Add the olive oil and mix together.

Heat a BBQ or griddle pan onto a medium heat. You can use a normal non-stick frypan if you don’t have a griddle pan, but I love the line marks and charred flavour a griddle pan brings the dish.

While the pan is heating brush your bread with the olive oil rosemary mixture.

When the pan is hot place your bread into the pan and cook in batches until nicely browned, with char lines if using the griddle pan.

Once all the bread has been cooked, spread with a generous amount of cream cheese. Take it right to the edges so that you can see it peek through once the persimmon has been placed on top.

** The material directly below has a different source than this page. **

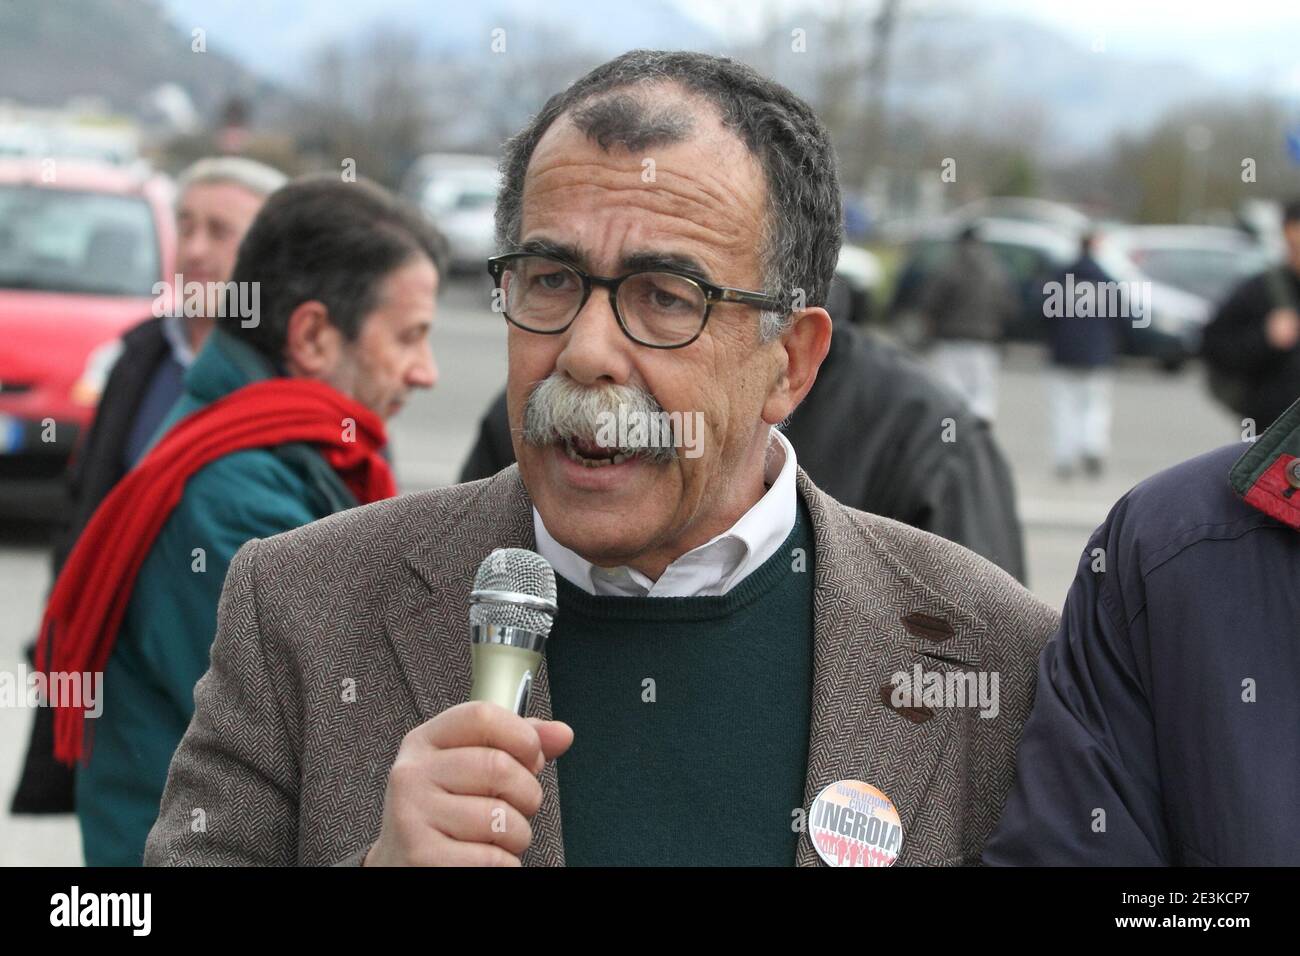 Cassino, Italia - 8 febbraio 2013: Sandro Ruotolo, candidato nella lista Rivoluzione Civile Ingroia, parla agli operai della Fiat davanti i cancelli dello stabilimento cassinate Banque D'Images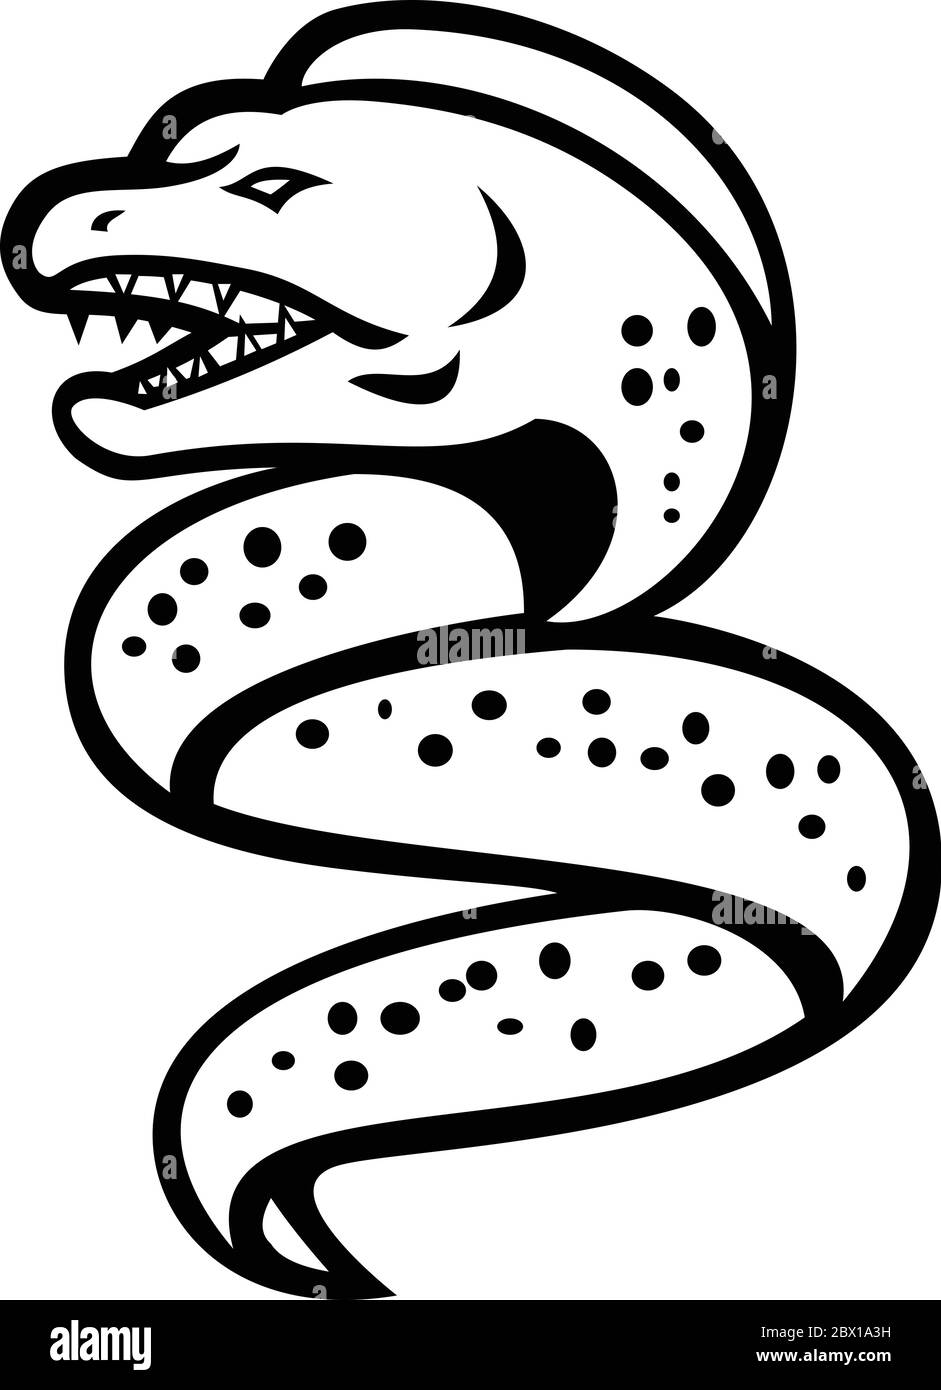 Icona Mascot illustrazione di un anguilla o muraenidi arrabbiato con mascella faringea che sale vista da un lato su sfondo isolato in nero retrò e W. Illustrazione Vettoriale

Place the bread on your serving dish.

Slice persimmon into half-moons and place on top of the cream cheese covered bruschetta.

Drizzle with maple syrup and serve any leftover syrup on the side for your dining companions to add more as they desire.



A decadent autumnal treat, persimmons are sweet and rich in flavour, with a super smooth texture.

Our certified organic persimmons are the Fuyu variety, which means they can be eaten while still firm, unlike the Hachiya variety.

A fibre-rich fruit, persimmons are also high in vitamin C and A – with 30 times more vitamin A than an apple and more than any other fruit! They also provide a good dose of iron, and manganese, which is great for the skin.

Our persimmons are delicious simply peeled and eaten. But they are fab made into spiced persimmon bread, muffins, jams and more!